TASK OBJECTIVE: Below is a listing; print exactly its lines from the one containing "Women's JADALIS taupe dress sandals" down to the one containing "Witte basmati rijst met gekruidde kippen", both inclusive, with every picture left out.

SOURCE DATA:
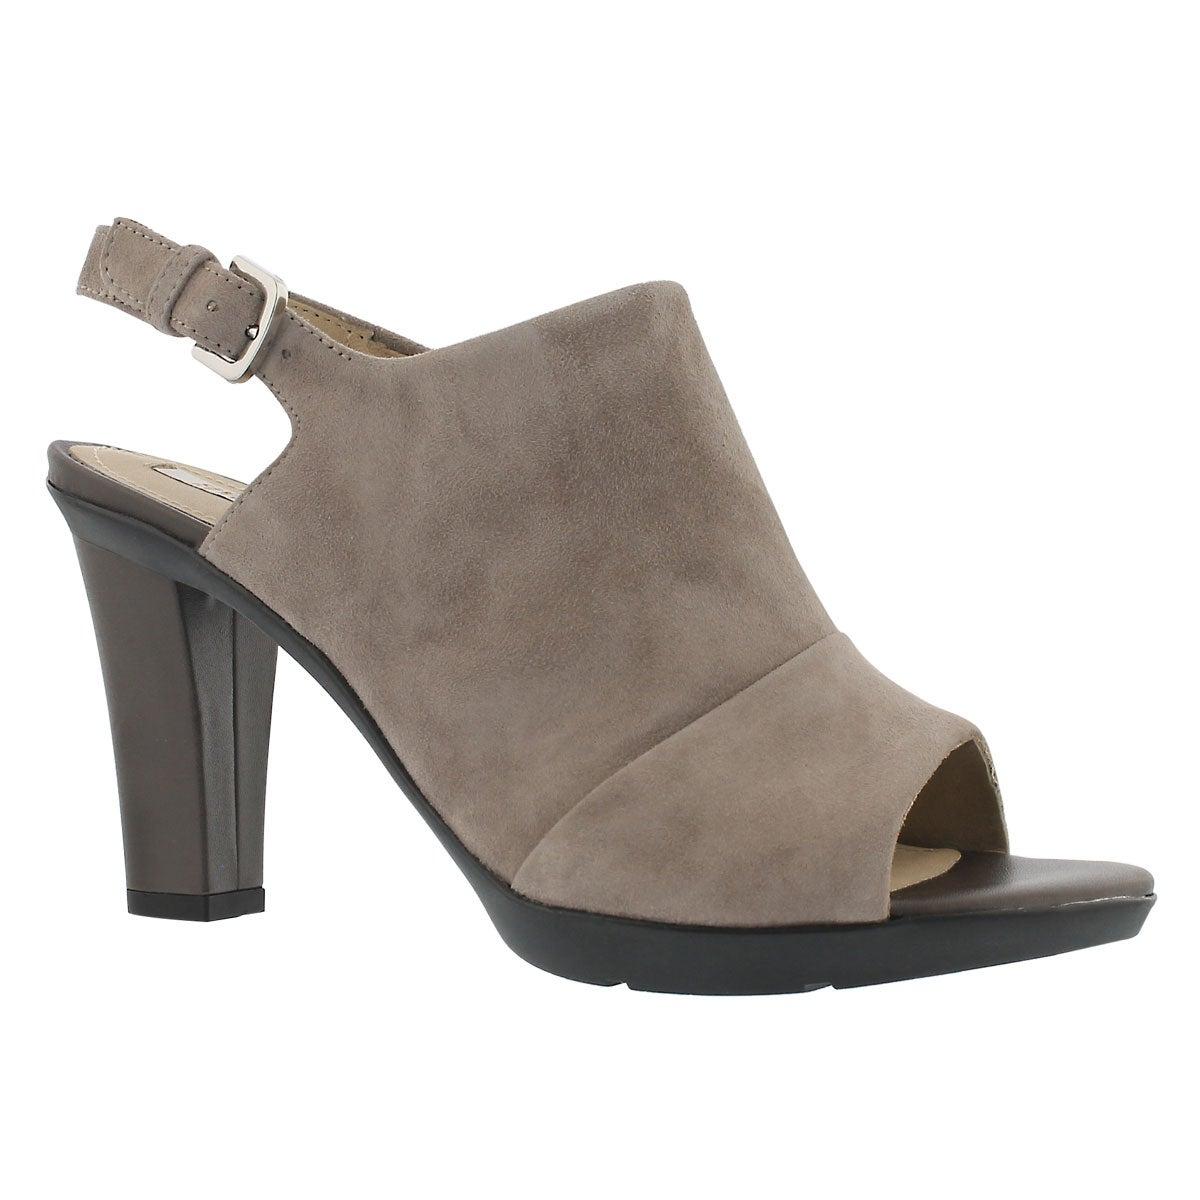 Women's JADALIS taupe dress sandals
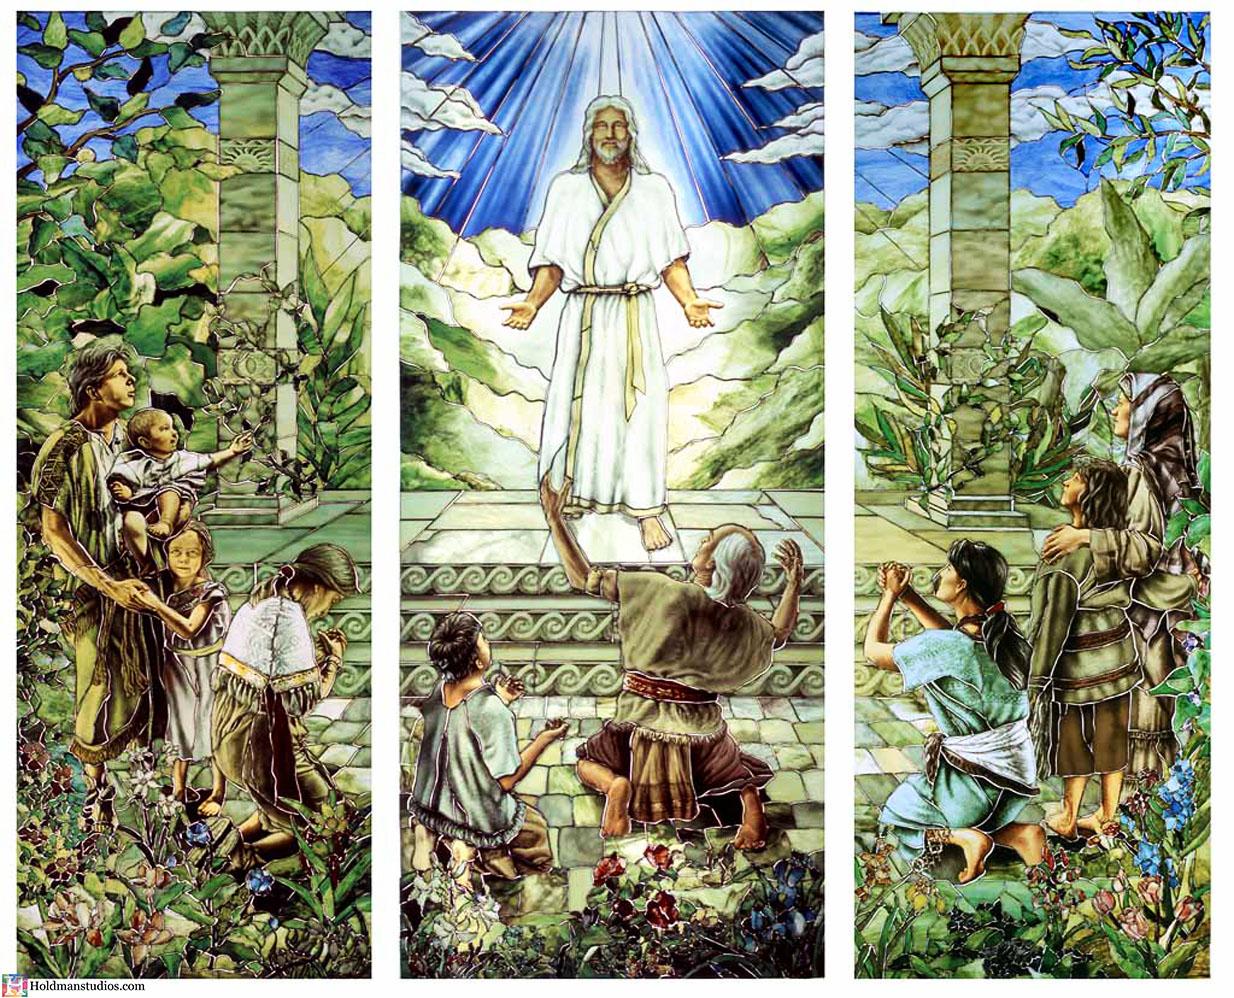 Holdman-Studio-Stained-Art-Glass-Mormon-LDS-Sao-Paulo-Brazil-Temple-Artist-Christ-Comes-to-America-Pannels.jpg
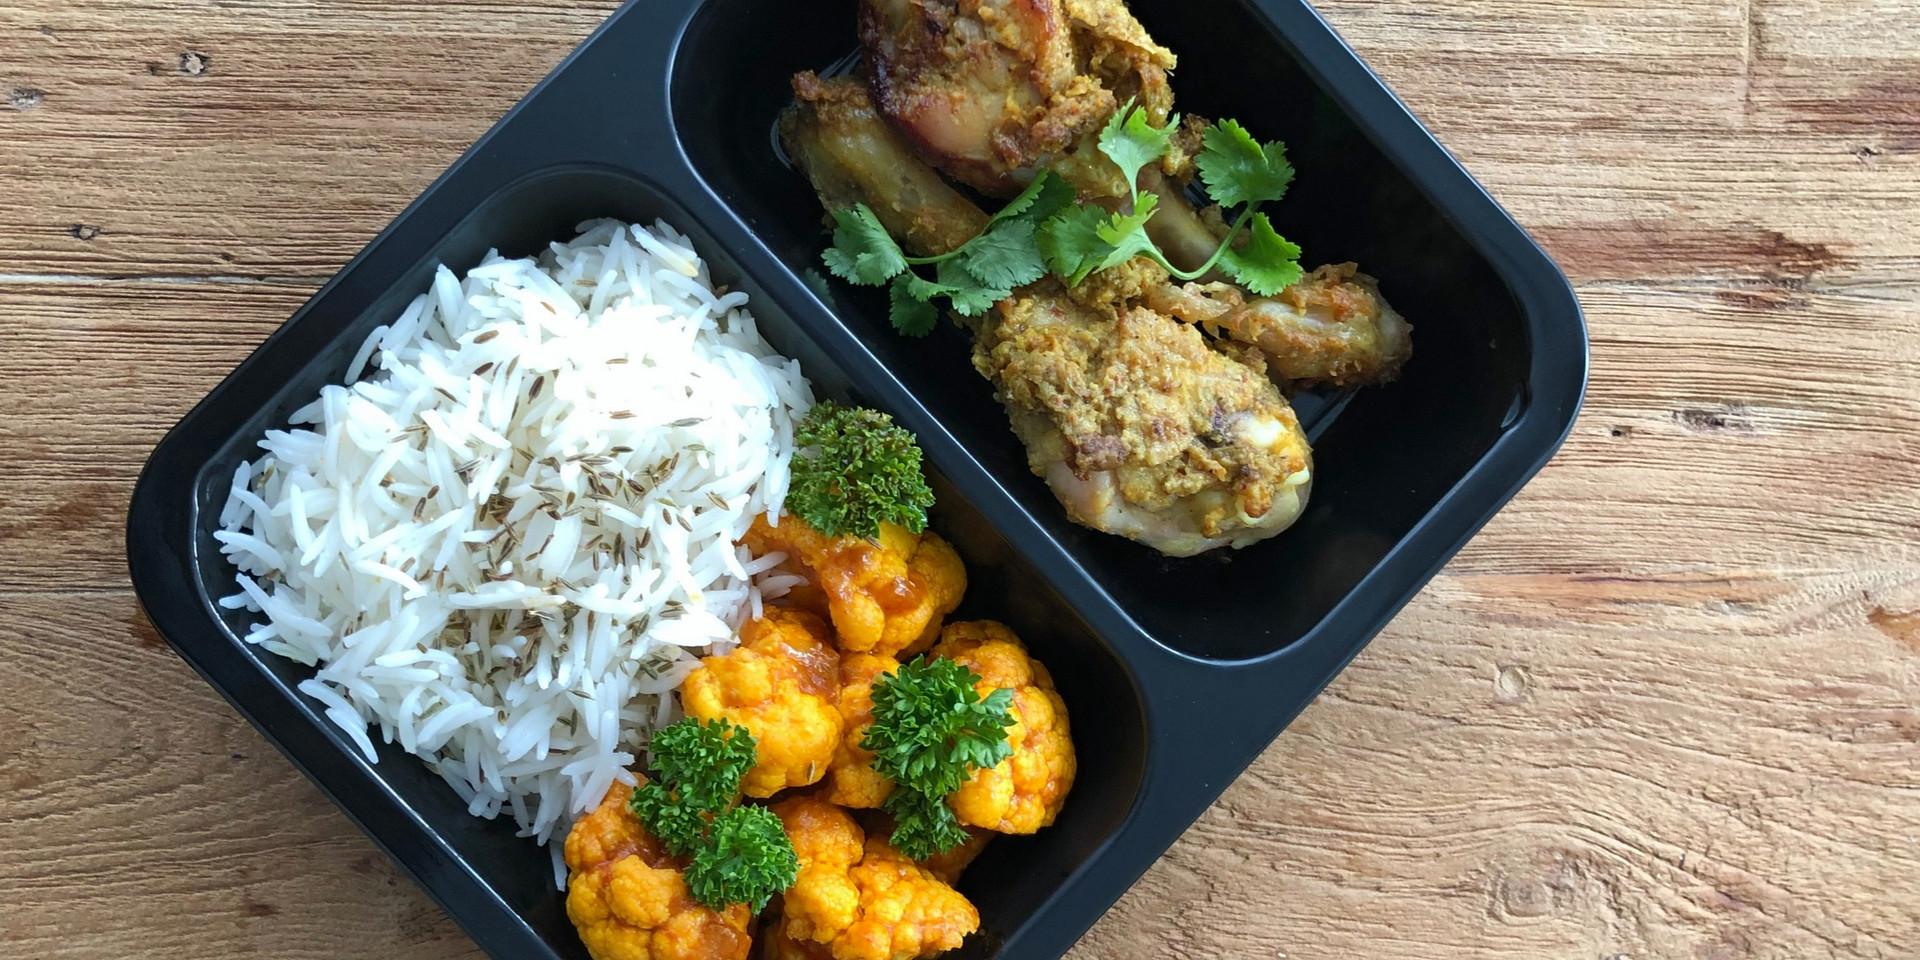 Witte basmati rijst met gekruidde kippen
* * *
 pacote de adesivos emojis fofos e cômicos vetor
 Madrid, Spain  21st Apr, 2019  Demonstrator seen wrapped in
* * *
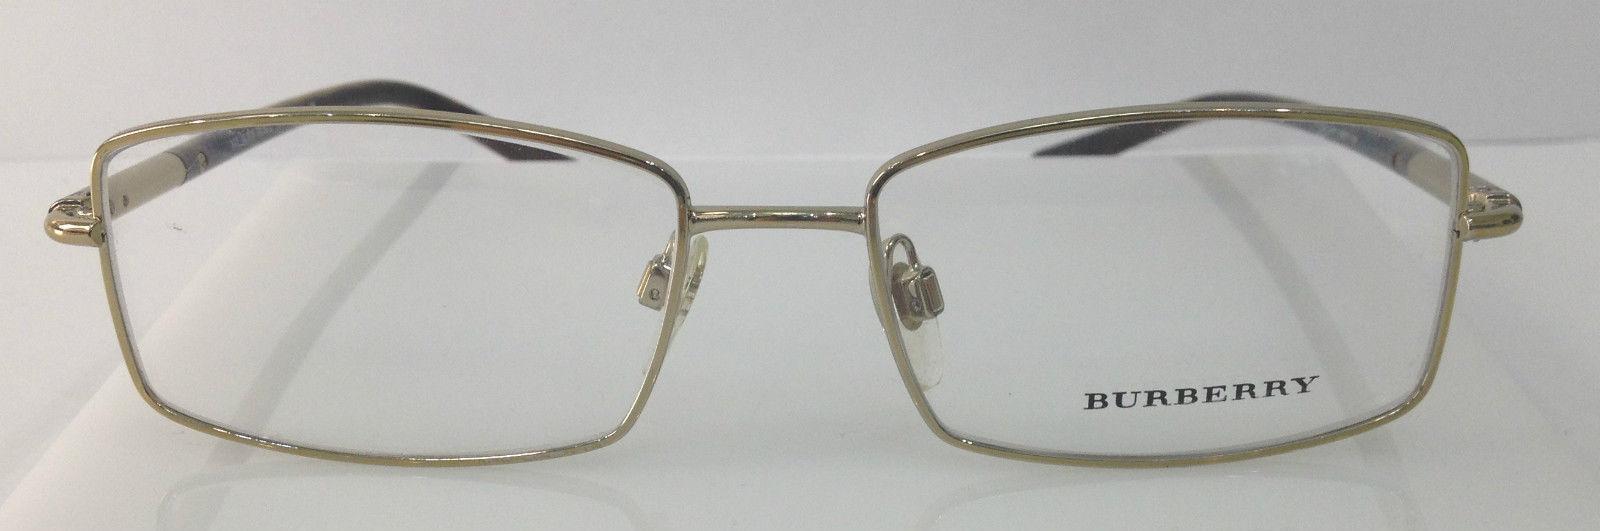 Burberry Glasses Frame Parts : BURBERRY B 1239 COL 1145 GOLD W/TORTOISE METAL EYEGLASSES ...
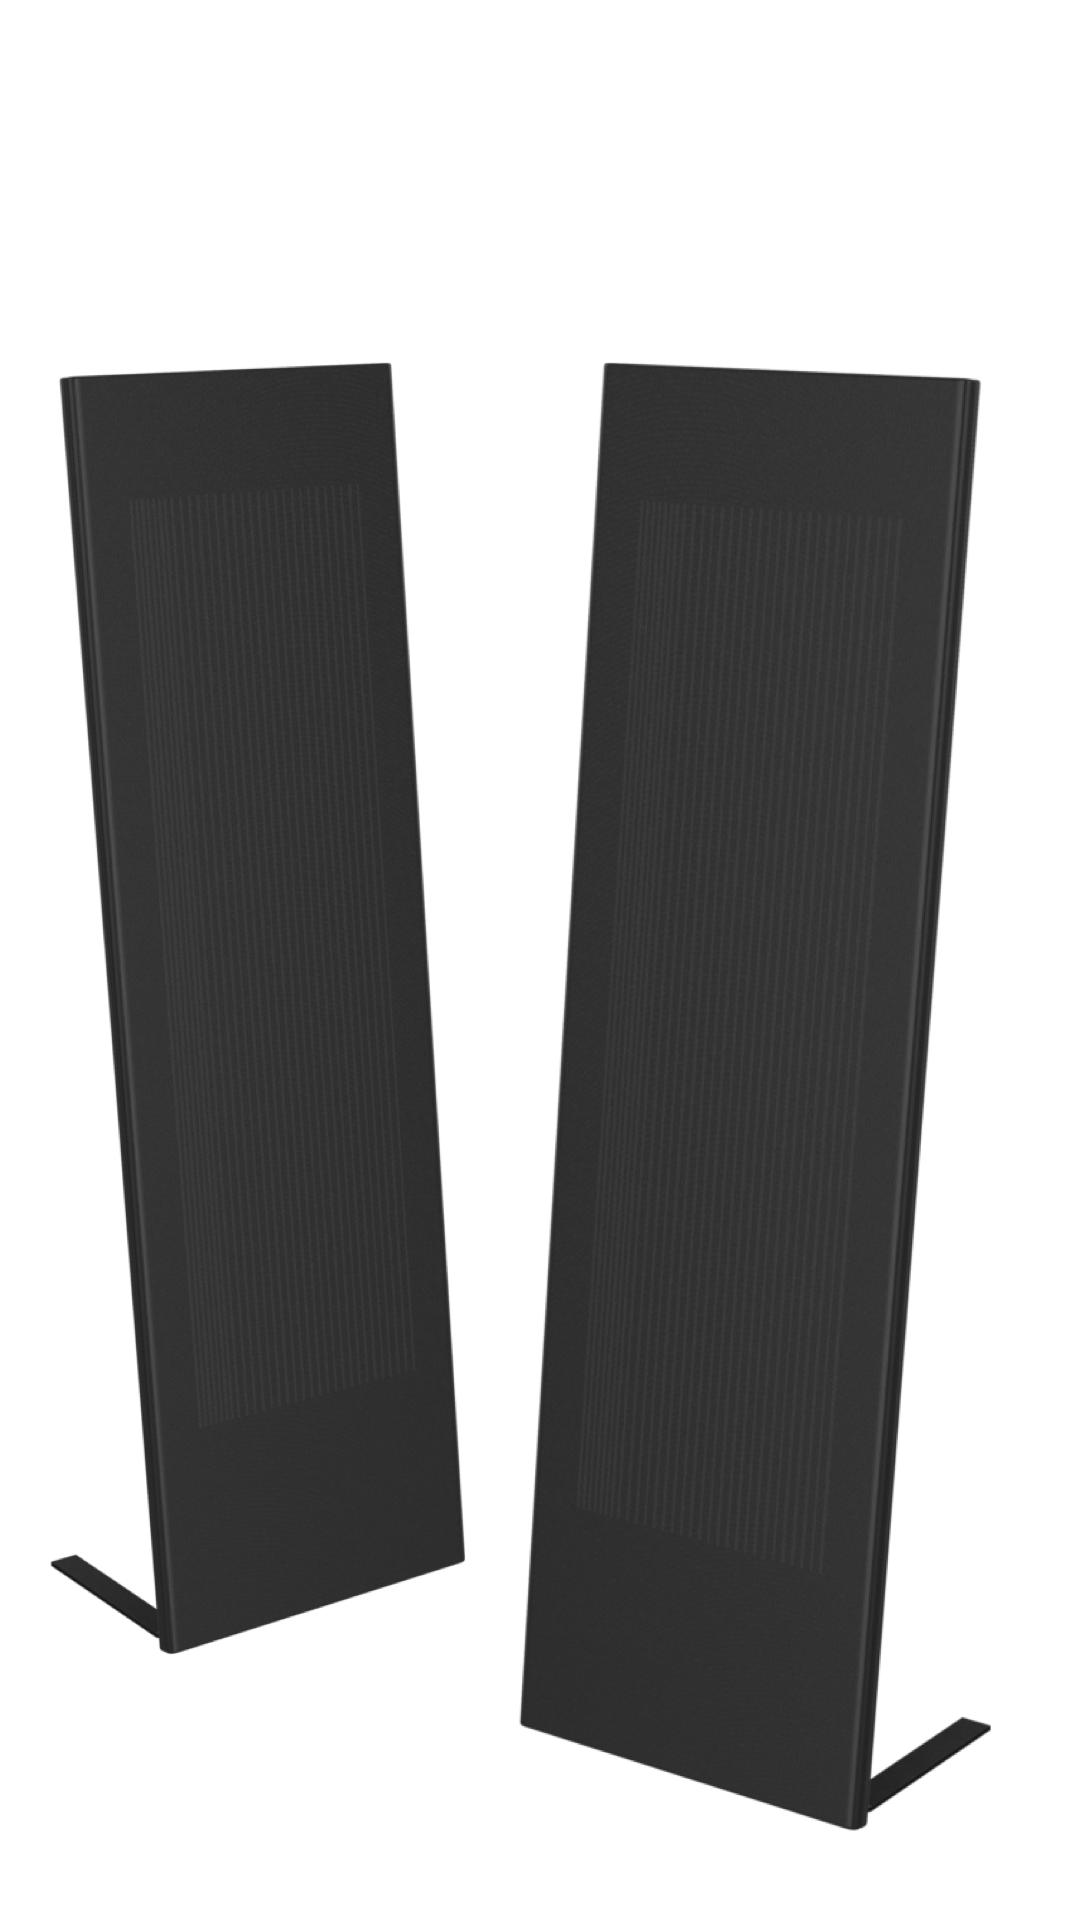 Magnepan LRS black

ANSWER FOR THIS EXERCISE:
 Women's JADALIS taupe dress sandals
 Holdman-Studio-Stained-Art-Glass-Mormon-LDS-Sao-Paulo-Brazil-Temple-Artist-Christ-Comes-to-America-Pannels.jpg
 Witte basmati rijst met gekruidde kippen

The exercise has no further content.